No doubt this is obvious to many people. But I think there is a lot more to the OLPC story that isn’t quite as obvious—but when taken as a whole indicates that the reports of OLPC’s death are likely greatly exaggerated. Consider:

Just as Negroponte no doubt failed to see how competitors like Intel would respond to his “threat,” it’s easy to forget that OLPC will also respond to the threat to it. Indeed, the organization has already produced an innovative program to galvanize sales. This is its “Give One. Get One.” program that debuted earlier this month. This is a limited offering (now running through the year) through which OLPC is selling two laptops to people in the U.S. and Canada for $399. Buyers get to keep one, and one goes to children in a developing nation.

OLPC is also striking new deals, including one mentioned in the Journal piece, to build its laptop around Intel chips (the original model uses AMD chips). I’m guessing this might be a precursor to some sort of truce with Intel, which already has a seat on the OLPC board. There is also the issue of software. OLPC is developing and/or adapting a collection of innovative open-source applications to run on its hardware. Even if its laptop fails to make its mark, its software might.

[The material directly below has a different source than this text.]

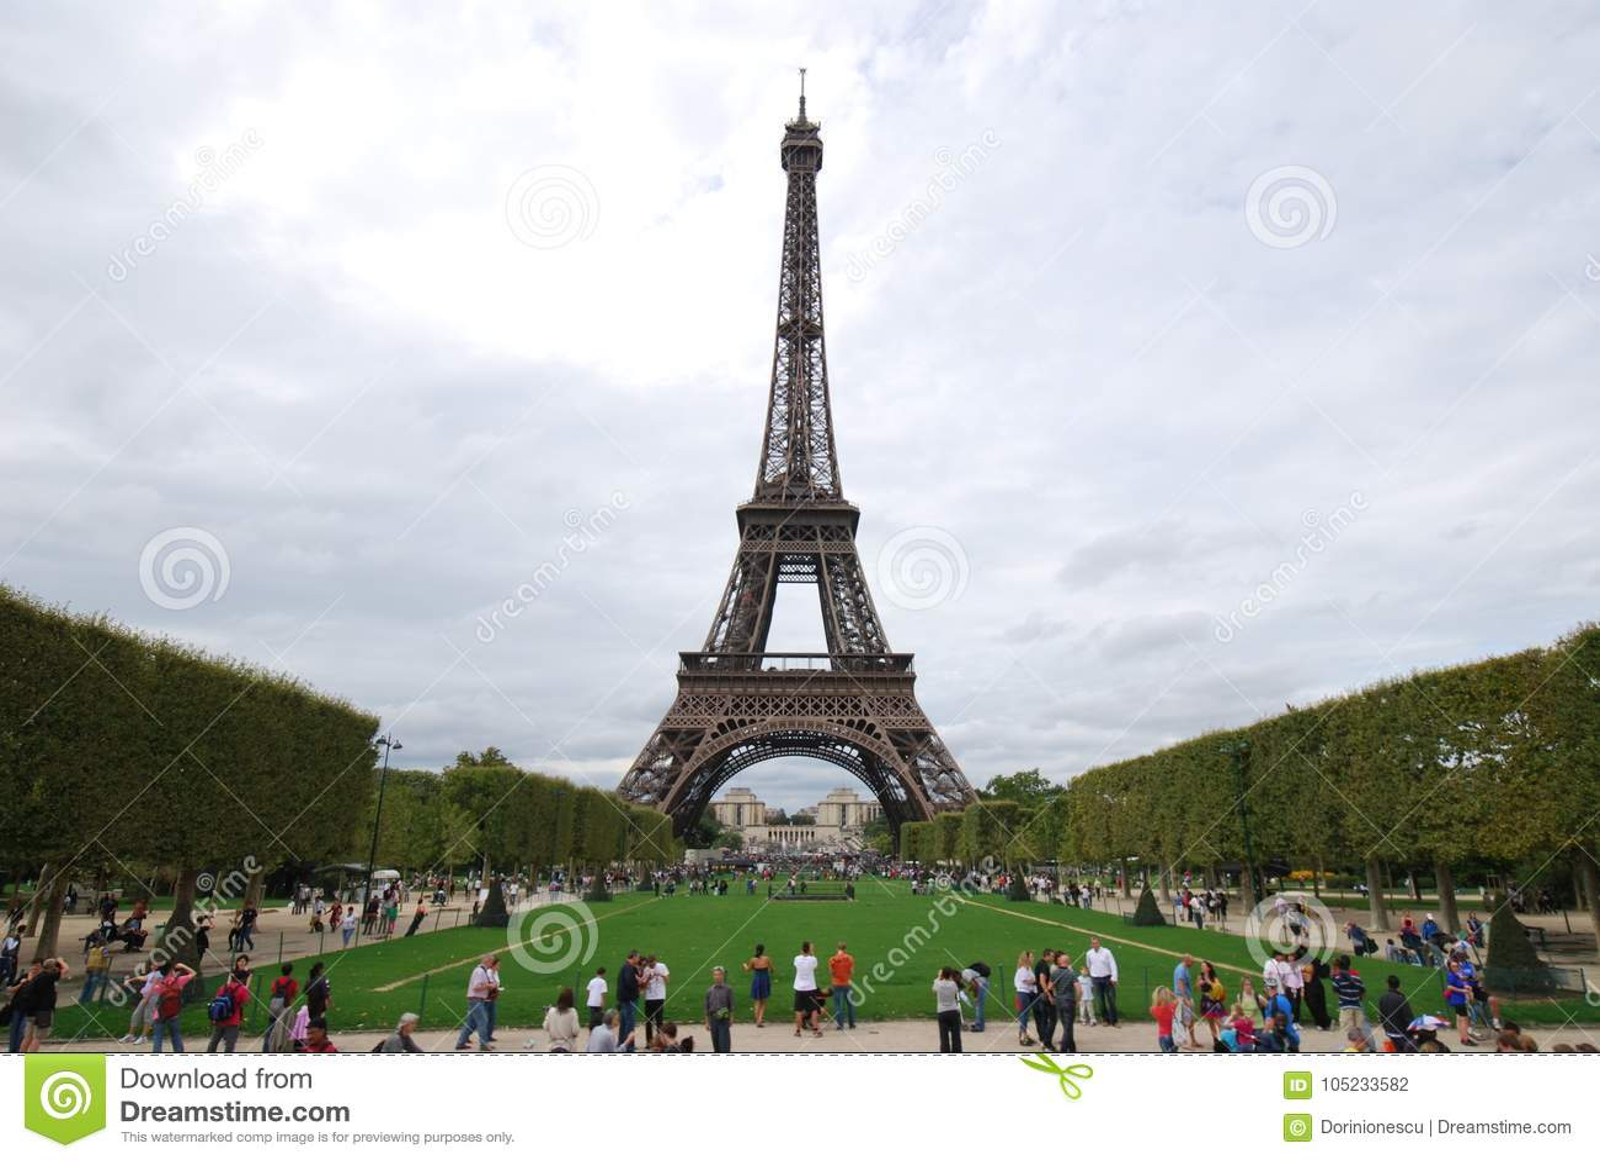 Torre Eiffel, torre Eiffel, marco, marco histórico nacional, torre, céu

And, of course, there’s the power of Negroponte. Given his incredible ties to world leaders from heads of state to Bono, it might be far wiser for Intel and others to work a deal with him than to try and “stomp” him. All of which augurs for some sort of seat at the table for OLPC.

As the Journal piece mentions, OLPC has enough money in the bank—some $8.7 million as of September, with more coming in—to last for several years. So I’m betting that there will be many other imaginative compromises and collaborations to come—and that OLPC will be front and center for a long time.

Here’s an excerpt from another article I read this weekend:

“Innovation is inefficient. More often than not, it is undisciplined, contrarian, and iconoclastic; and it nourishes itself with confusion and contradiction. In short, being innovative flies in the face of what almost all parents want for their children, most CEOs want for their companies, and heads of states want for their countries. And innovative people are a pain in the ass.”

That article was written in February 2003 by Nicholas Negroponte, for me when I was editor of MIT’s Technology Review. Maybe it was a harbinger of his own innovative ambitions. And maybe, just maybe, it holds some ideas for how we should view the story of Negroponte and OLPC. This story is messy, to be sure. But I’m betting it isn’t over.